How many instances of JobTracker can run on a Hadoop Cluser?
Only one

What happens if number of reducers are 0?
In this case the outputs of the map-tasks go directly to the FileSystem, into the output path set by setOutputPath(Path). The framework does not sort the map-outputs before writing them out to the FileSystem.

It can be possible that a Job has 0 reducers?
It is legal to set the number of reduce-tasks to zero if no reduction is desired.

How many Reducers should be configured?

The right number of reduces seems to be 0.95 or 1.75 multiplied by (<no. of nodes> * mapreduce.tasktracker.reduce.tasks.maximum).
With 0.95 all of the reduces can launch immediately and start transfering map outputs as the maps finish. With 1.75 the faster nodes will finish their first round of reduces and launch a second wave of reduces doing a much better job of load balancing.

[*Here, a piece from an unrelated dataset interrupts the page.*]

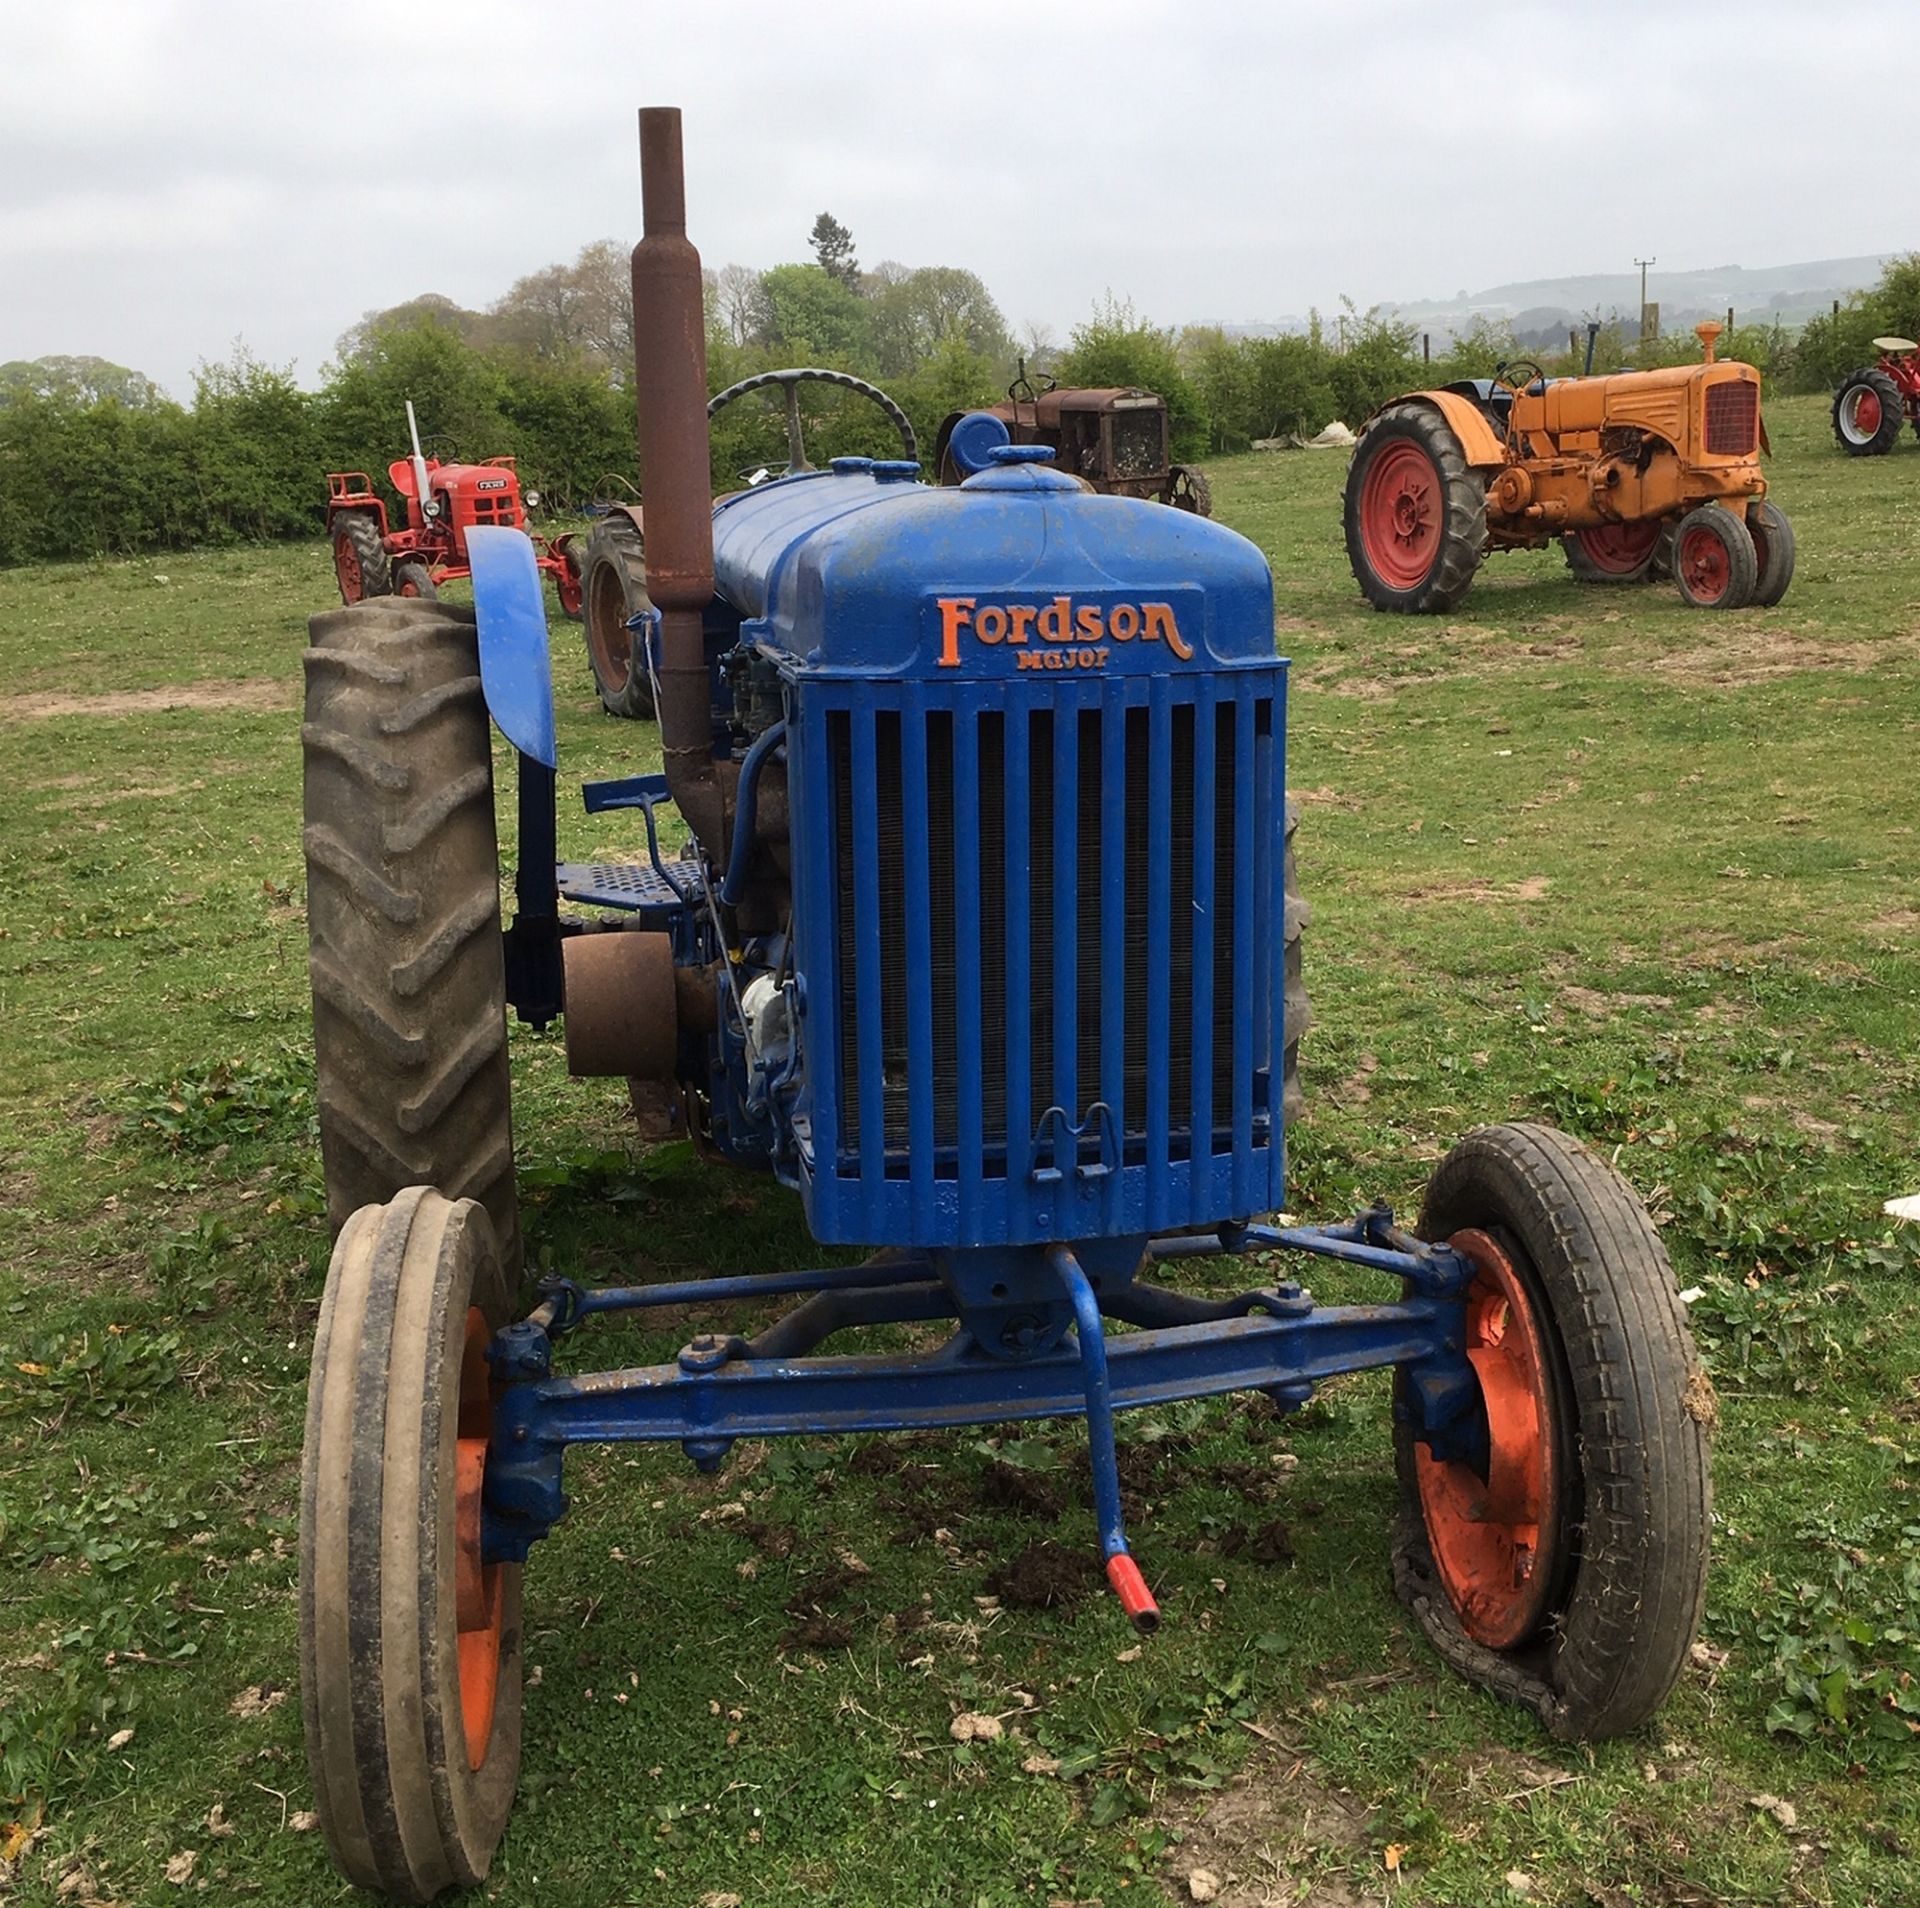 Fordson E27N Petrol/Paraffin Tractor. - Image 3 of 4

Increasing the number of reduces increases the framework overhead, but increases load balancing and lowers the cost of failures.

What is reduce phase of a Reducer?
In this phase the reduce(MapOutKeyType, Iterable, Context) method is called for each pair in the grouped inputs. The output of the reduce task is typically written to the FileSystem via Context.write(ReduceOutKeyType, ReduceOutValType). Applications can use the Context to report progress, set application-level status messages and update Counters, or just indicate that they are alive. The output of the Reducer is not sorted.
Explain the Reducer’s Sort phase?
The framework groups Reducer inputs by keys (since different mappers may have output the same key) in this stage. The shuffle and sort phases occur simultaneously; while map-outputs are being fetched they are merged (It is similar to merge-sort).

How shuffle works?
Input to the Reducer is the sorted output of the mappers. In this phase the framework fetches the relevant partition of the output of all the mappers, via HTTP.

The primary phases of the Reducer?
Shuffle, Sort and Reduce

Explain the core methods of the Reducer?
The API of Reducer is very similar to that of Mapper, there's a run() method that receives a Context containing the job's configuration as well as interfacing methods that return data from the reducer itself back to the framework. The run() method calls setup() once, reduce() once for each key associated with the reduce task, and cleanup() once at the end. Each of these methods can access the job's configuration data by using Context.getConfiguration().
As in Mapper, any or all of these methods can be overridden with custom implementations. If none of these methods are overridden, the default reducer operation is the identity function; values are passed through without further processing.
The heart of Reducer is its reduce() method. This is called once per key; the second argument is an Iterable which returns all the values associated with that key.